LogisticRegression(C=1.0, class_weight=None, dual=False, fit_intercept=True,
                   intercept_scaling=1, l1_ratio=None, max_iter=100,
                   multi_class='warn', n_jobs=None, penalty='l2',
                   random_state=0, solver='warn', tol=0.0001, verbose=0,
                   warm_start=False)

In [11]:
#Compute Score (𝑅2) for the pilot_model_3 and y_training
print('Training Score: {}'.format(log_regressor_3.score(pilot_model_3, y_train)))
#Compute MSE (Mean Squared Error) for the pilot_model_3 and y_training
print('Training MSE: {}'.format(np.mean((log_regressor_3.predict(pilot_model_3) - y_train)**2)))

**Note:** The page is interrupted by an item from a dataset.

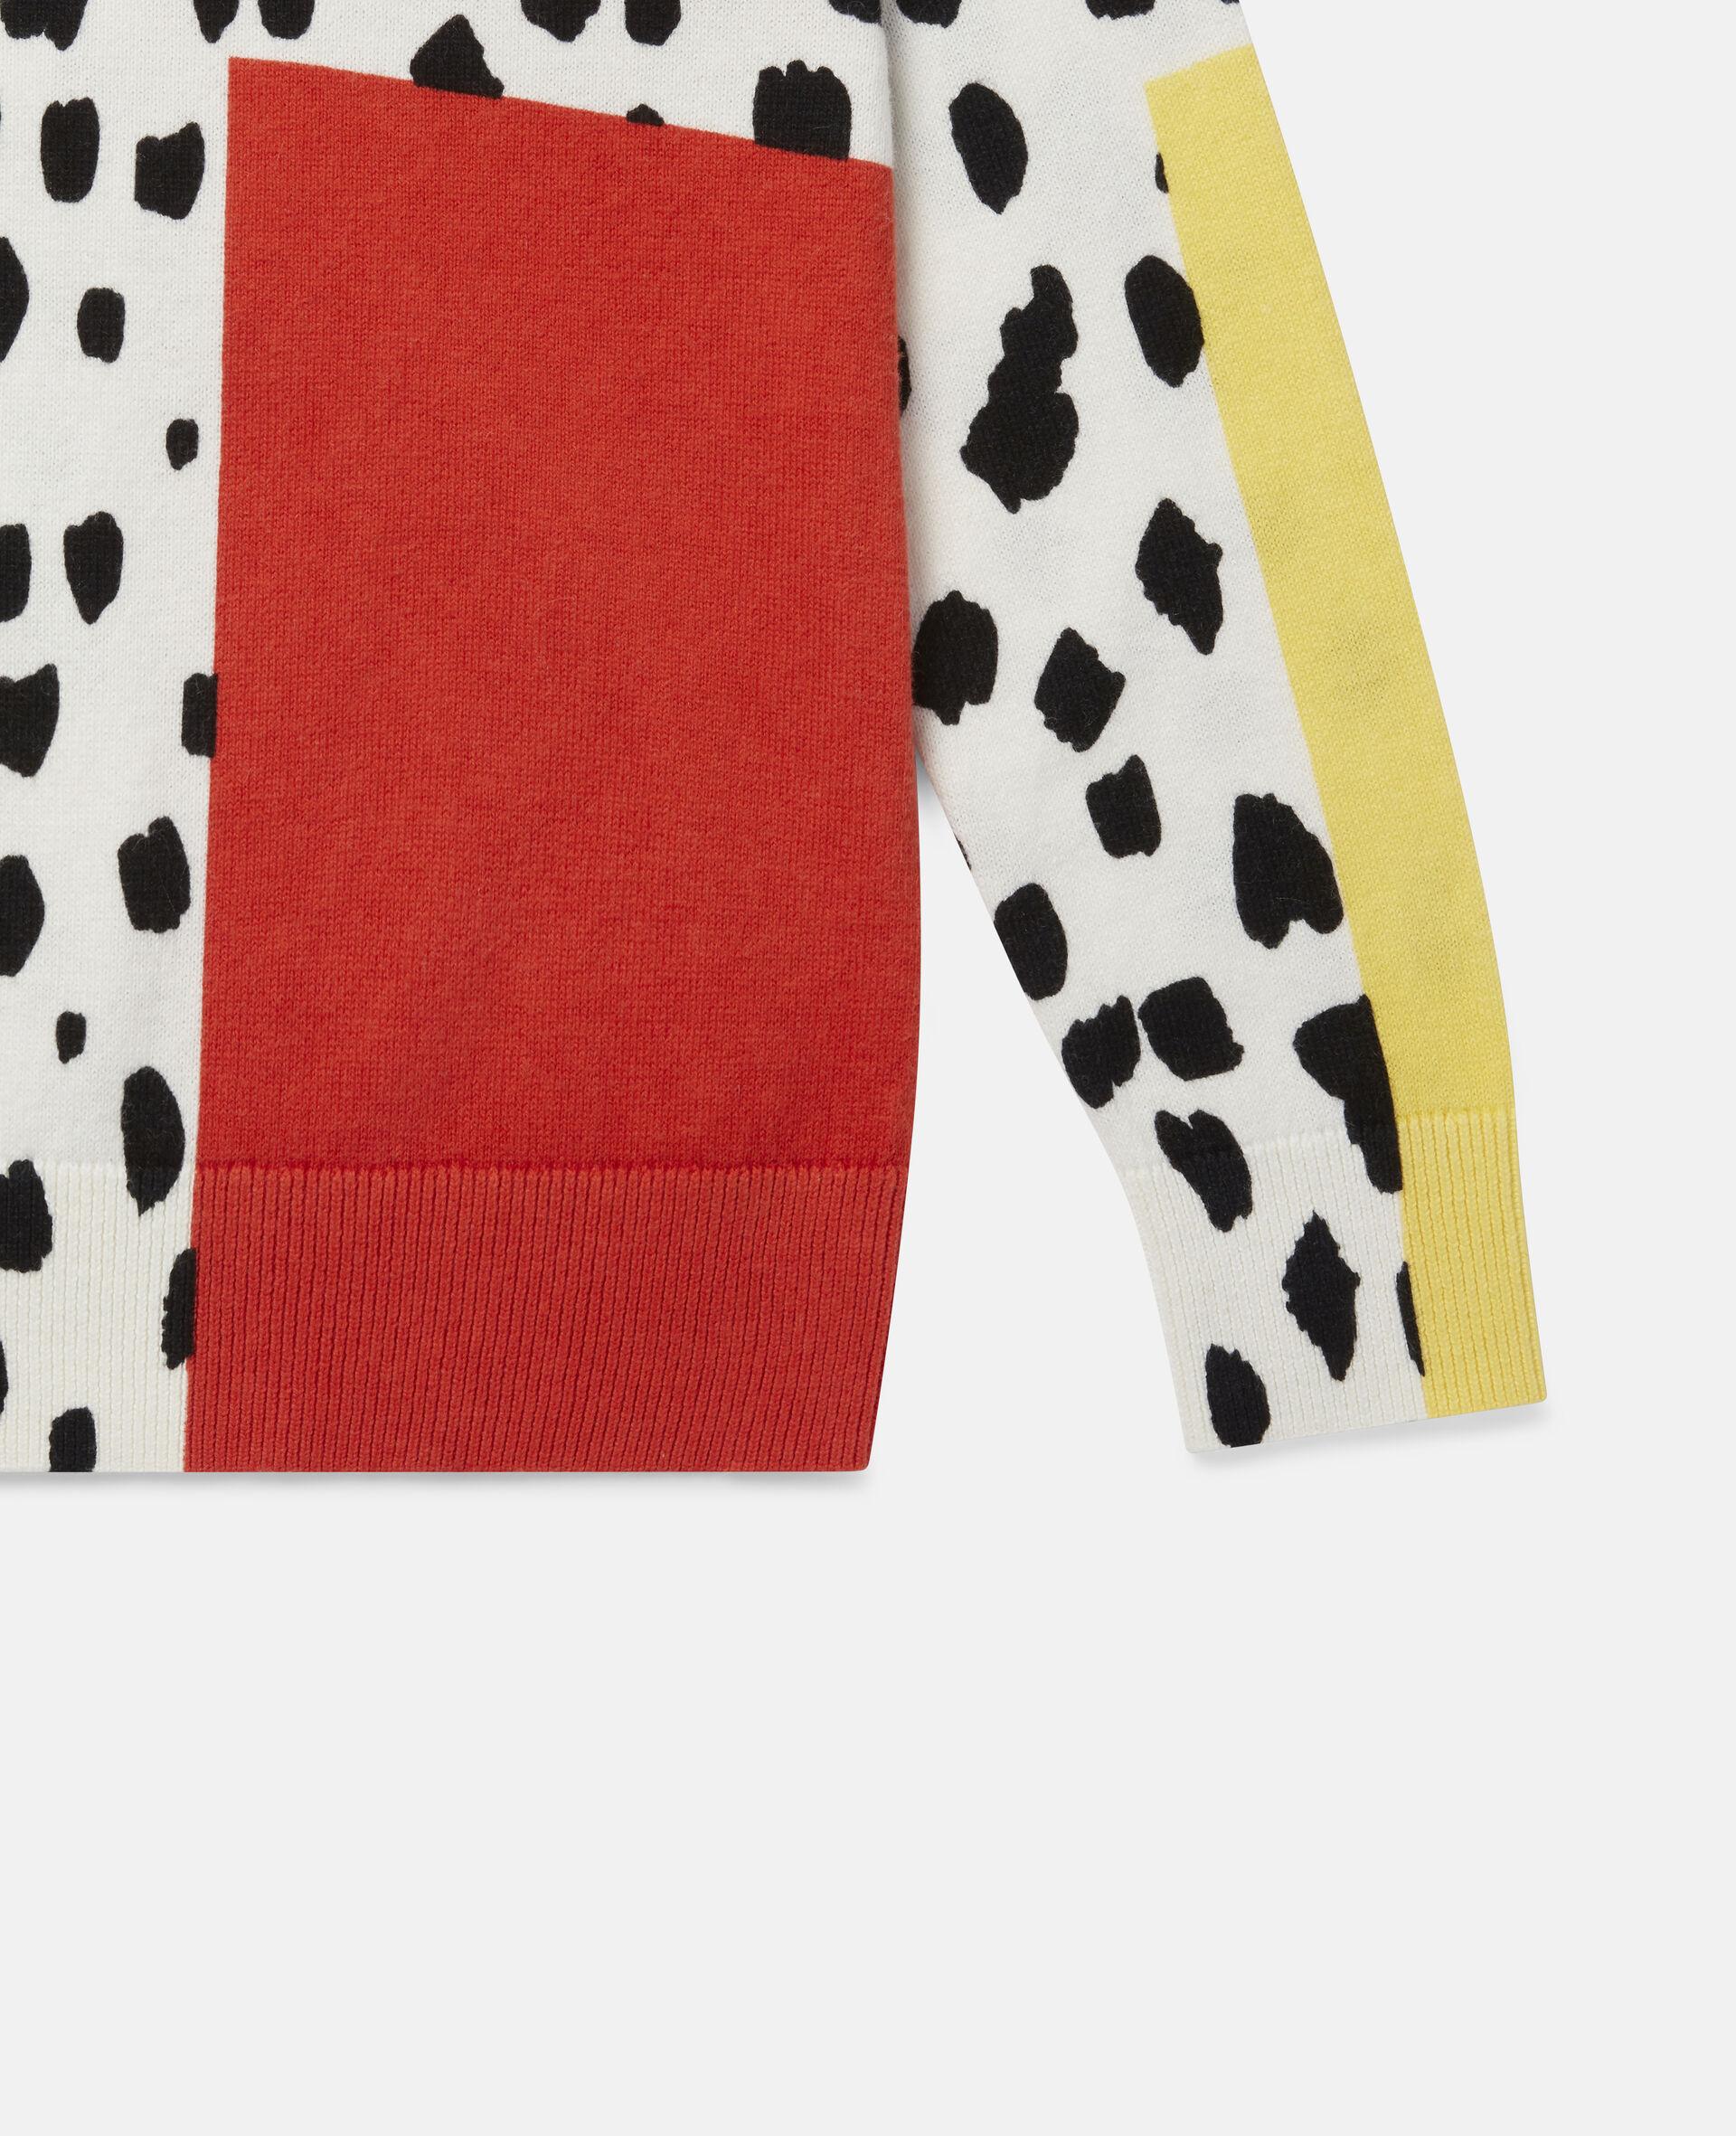 Pull en maille motif taches dalmatien-Fantaisie-large image number 2
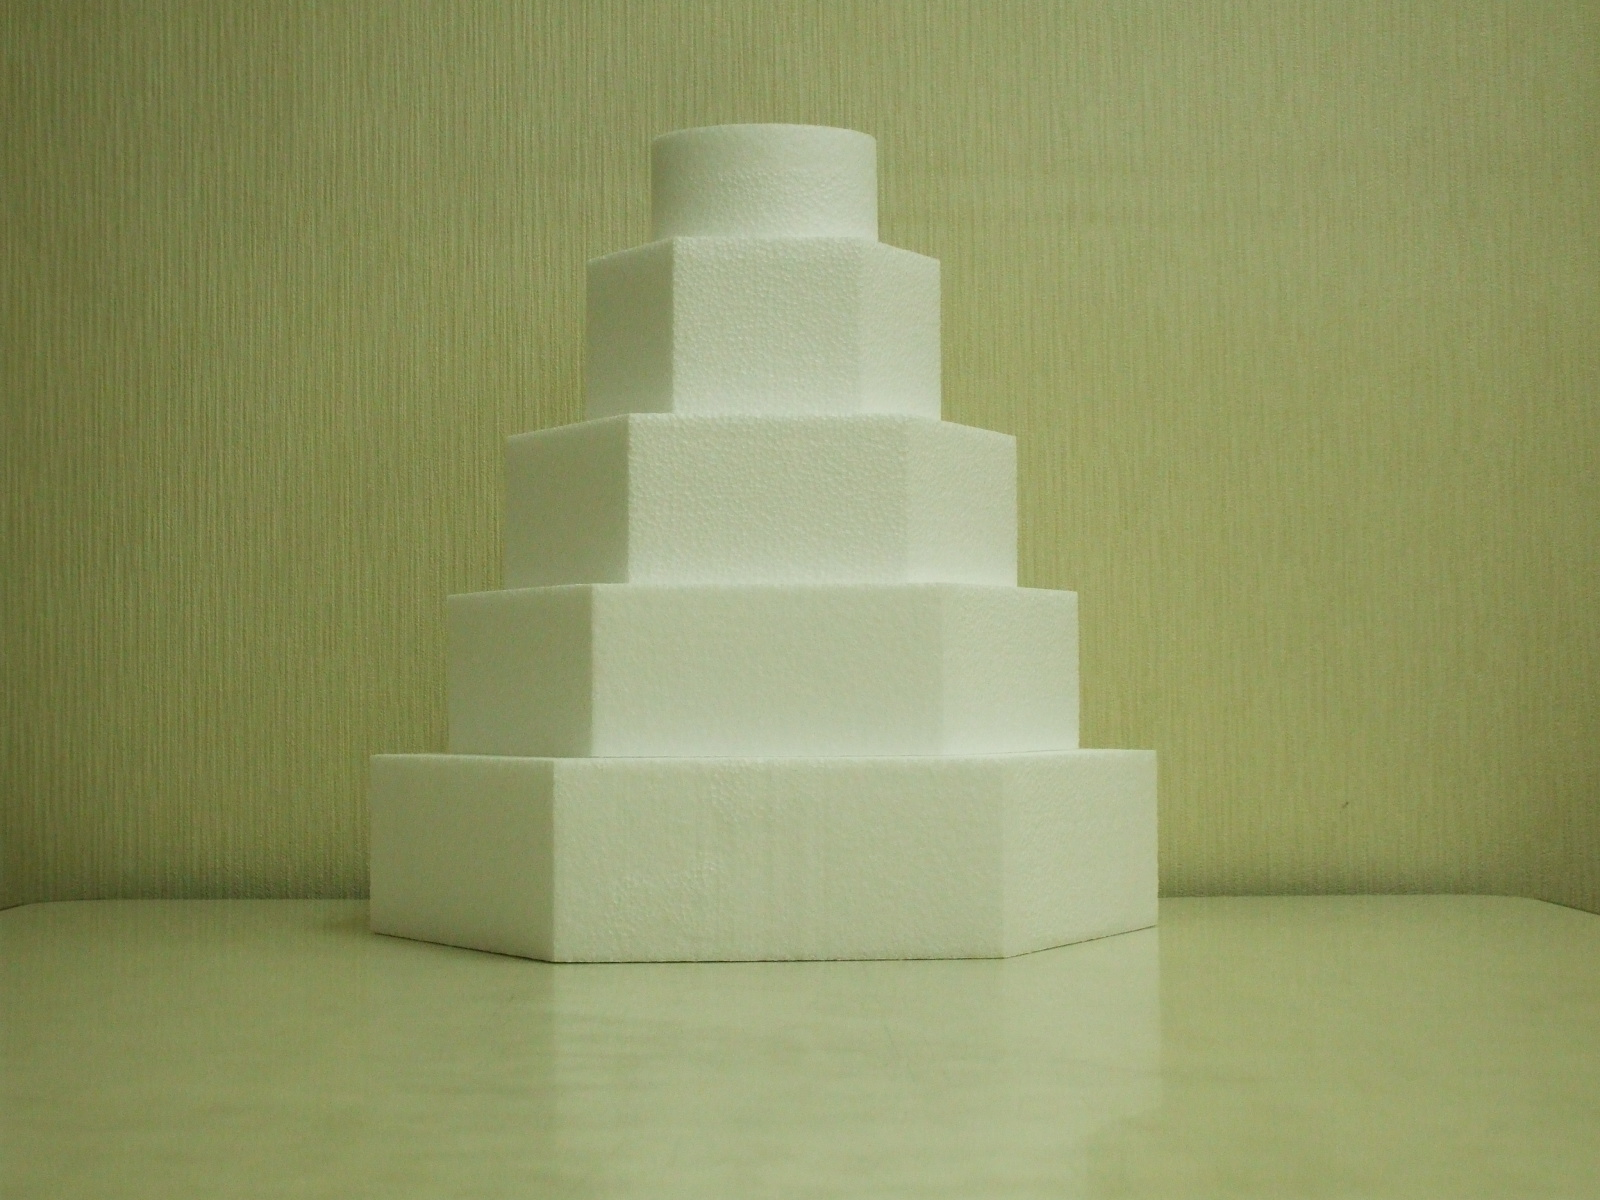 シュガークラフト(ケーキの見本)の芯材として使用している発泡スチロール

Training Score: 0.6102719033232629
Training MSE: 515970129.33912385


### 3.2 Build a prediction model with numerical and categorical variables

Important Note =>> We are going to analyze the following categorical variables:

Street, LotShape, LandContour ,Utilities, LandSlope, BldgType, MasVnrType, ExterQual, ExterCond, LotConfig Neighborhood, Condition1, Condition2, HouseStyle, RoofStyle, RoofMatl, Exterior1st, Exterior2nd.


Regarding the dummy variables conversion, we are only going to treat the following variables keeping in mind the analysis performed in the main House Price Prediction Notebook:

*Street, LotShape, LandContour ,Utilities, LandSlope, BldgType, MasVnrType, ExterQual, ExterCond*


The remaining categoriacal variables will be converted into numbers at the end of the notebook.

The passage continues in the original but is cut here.